The usual resort to contrapuntal building an extreme independence of each line implies a balance between the players other than the usual violin discreetly "supported" by the keyboard. Violin, keyboard left hand, and keyboard right hand work really as equals. The violinist can't treat these sonatas as Locatellian tours de force. The keyboardist must also command attention. Indeed, violinist and keyboard player must learn an intricate dance in which one gets out of the other's way. In Bach's music, this kind of switching occurs frequently. Kapp and Tenenbaum occasionally run into trouble (as in the second adagio of the fifth sonata), with Tenenbaum too aggressive and Kapp too shy, but it's a rare occasion.

Tenenbaum knows this music inside-out. Her performance shows a fresh thinking-through of every movement. You may not agree with what she comes up with in each case, but, if you know these works at all, you'll find yourself comparing her interpretations in detail with other violinists'. I compared her to Buswell (with Valenti, harpsichord) and Ritchie (with Wright, harpsichord). Buswell plays the sonatas as close to dances as possible, and I admit my sympathy with this approach, just as I prefer Italianate, as opposed to Germanic, performances of the cantatas. Ritchie, dean of Baroque fiddle technique, takes a relatively sober approach, unfortunately, not really what the music needs. To me, Bach's music tends to heaviness as one of its traps. It's not all that much of a stretch to give a sober, lugubrious performance not that Ritchie's performance plods. In fact, it's a very lyrical reading, full of chiaroscuro. However, I want more pep, more kicking up of the heels.

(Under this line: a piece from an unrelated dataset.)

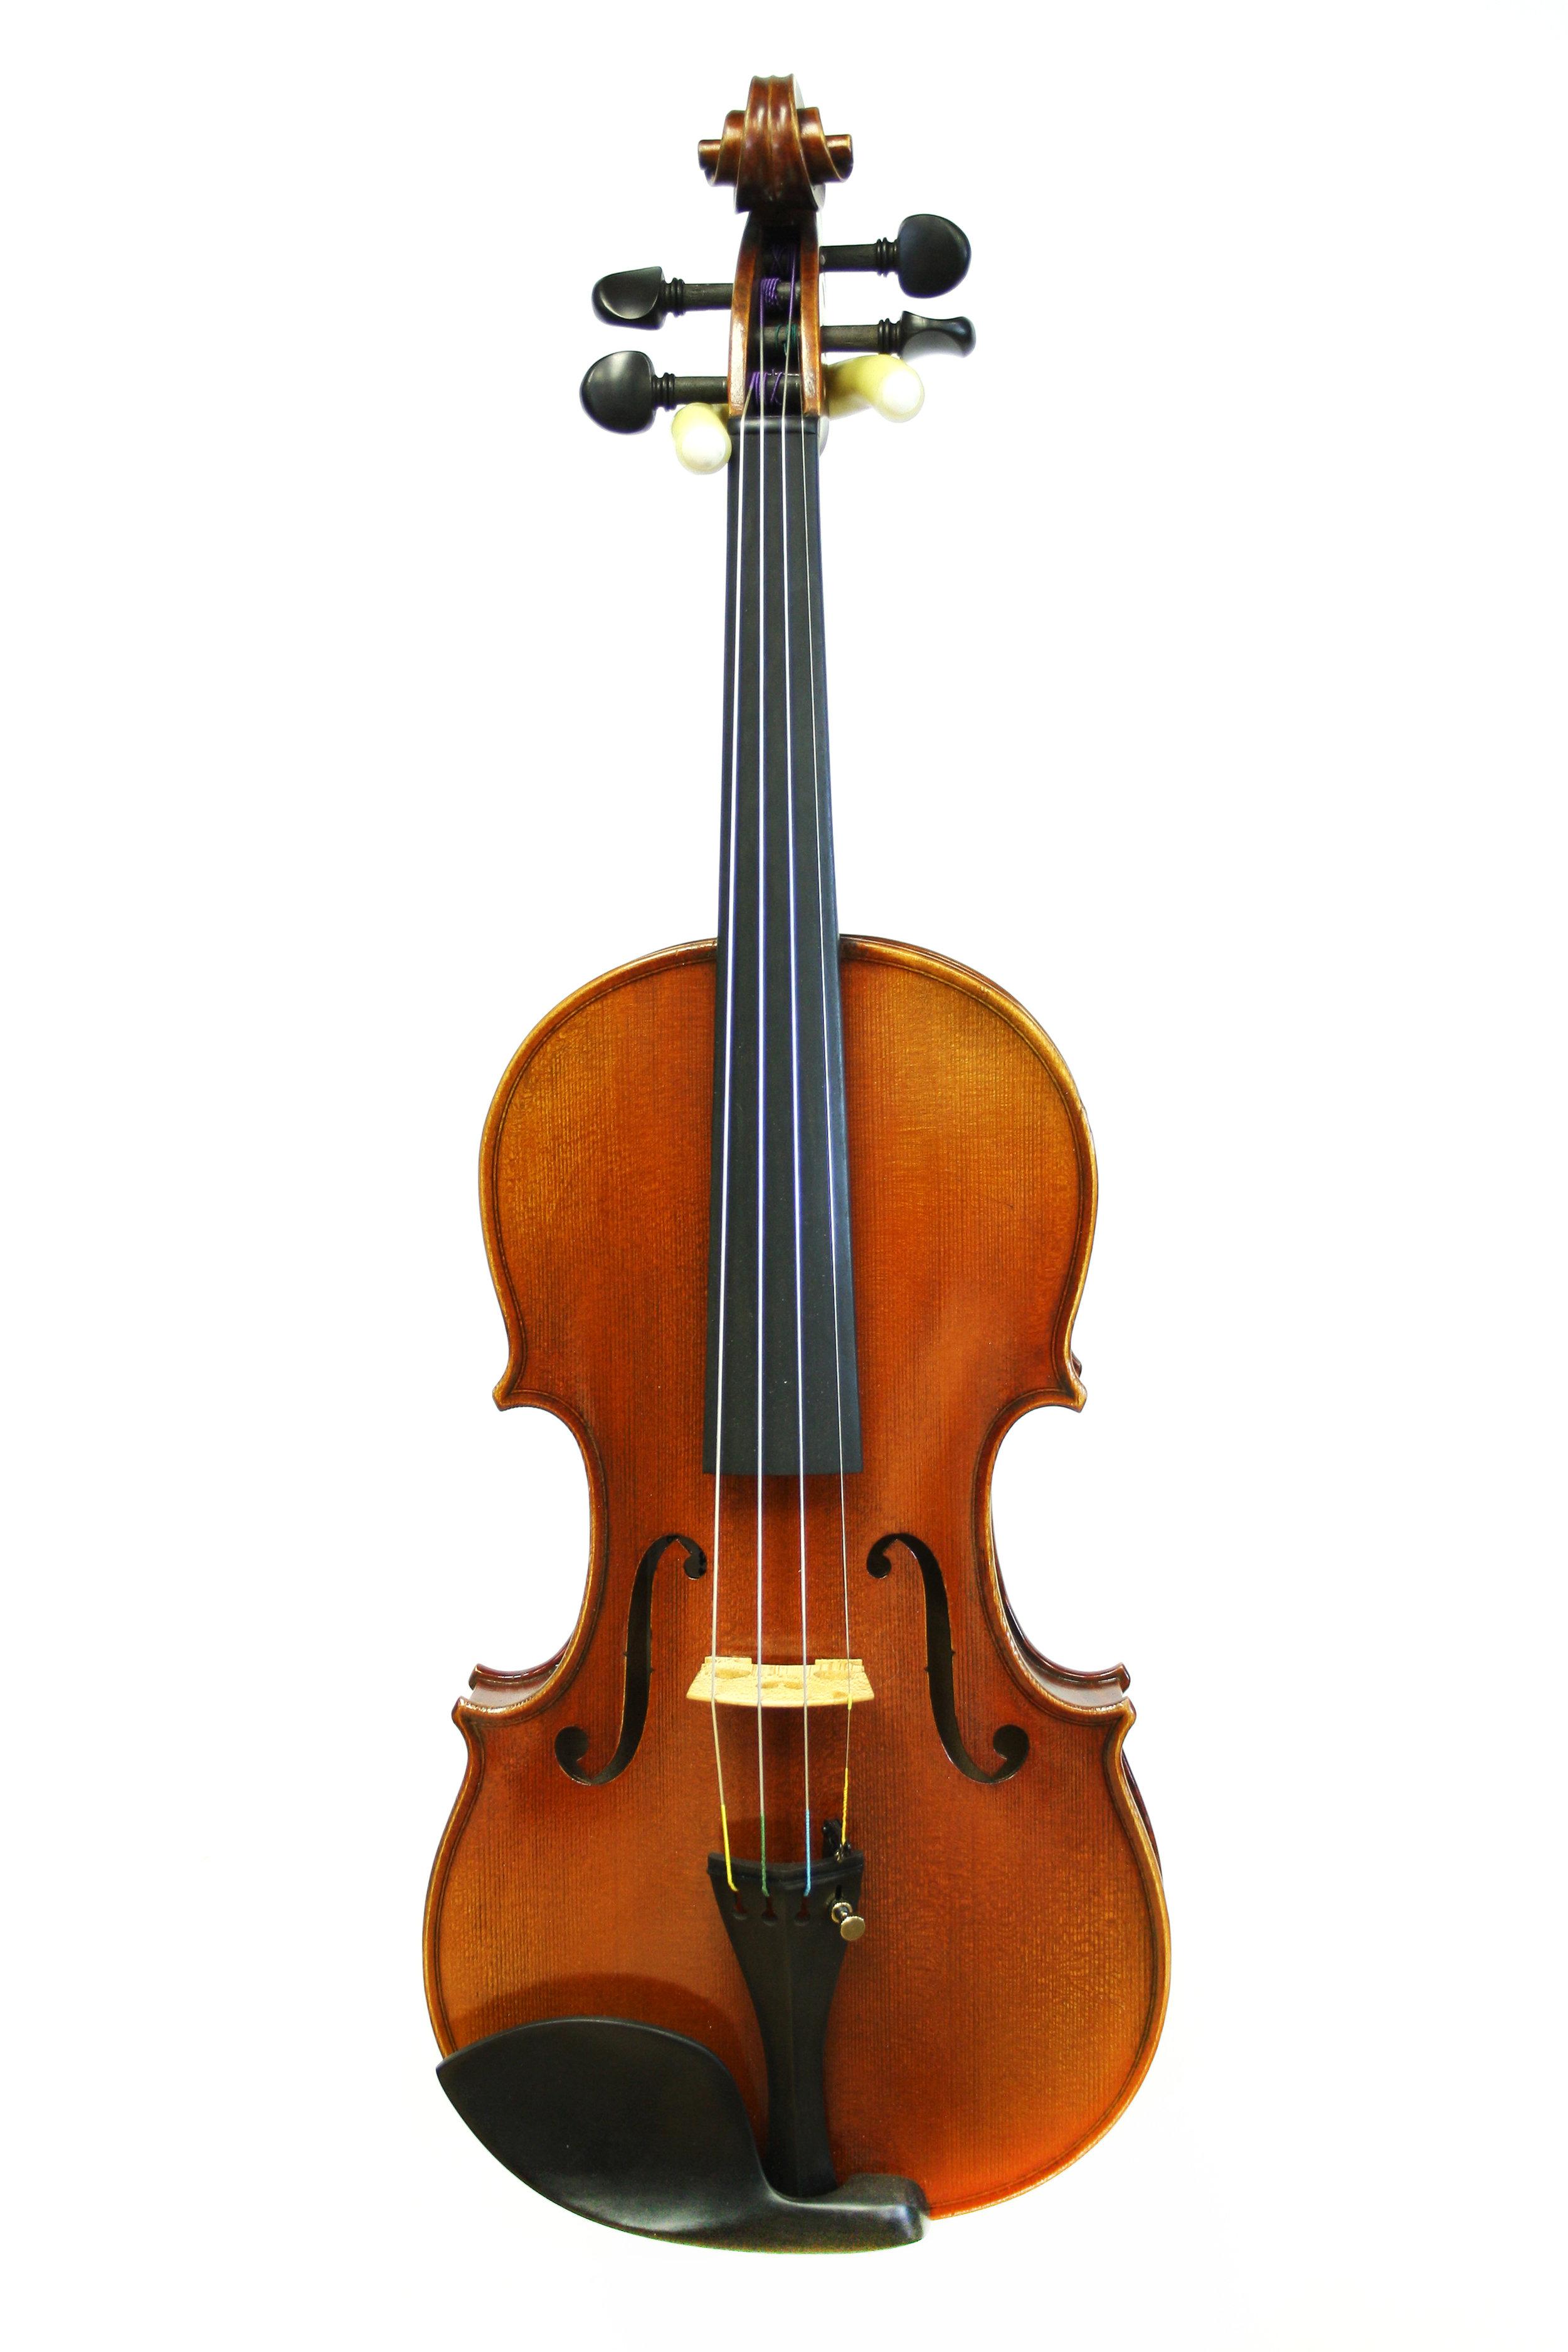 Cedar Strings CB Violin - $1299

Tenenbaum has vim and vigor to burn. The quick movements suit her, and she eagerly leaps into a phrase as if she can't wait to get to the next. Listeners will, I suspect, find her slow, singing movements more controversial, however. She sings, but not necessarily sweetly. An uneasy current of nervous intensity marks her adagios and largos. There is a slowing down, but neither respite nor repose. Her playing in that regard reminds me a bit of the cellist Maisky both Byronic and, to some extent, extreme (Tenenbaum less than Maisky), in the sense of the phrase "extreme sports." These performances galvanize so, I found it hard to listen to more than two sonatas at a time. If one gulps down Buswell's readings like popovers or contemplates Arcadian visions with Ritchie, the listener hangs on for dear life in Tenenbaum's whirls (listen to the final "Presto" in the fourth sonata) and hold's one's breath waiting for Grendel to leap out and eat somebody in the slow movements. It's only a slight overstatement.

I happen to like these accounts very much. They are the products of an individual, mature, and strong musical mind, an antidote to the aesthetically safe and correct we get all too often. If I prefer her minor-key sonatas to her major-keys, it's because I think the temperament she reveals through her playing more serious than light-hearted. Nevertheless, it's a strong set, highlighted, for me, by the last three sonatas.

The performers seemed a bit too forward in the sound image. Sometimes, as in the third movement of the Sonata #6, for solo keyboard, I felt as if my head lay practically inside the instrument, but that's my only carp. Most of the time, the sound is fine.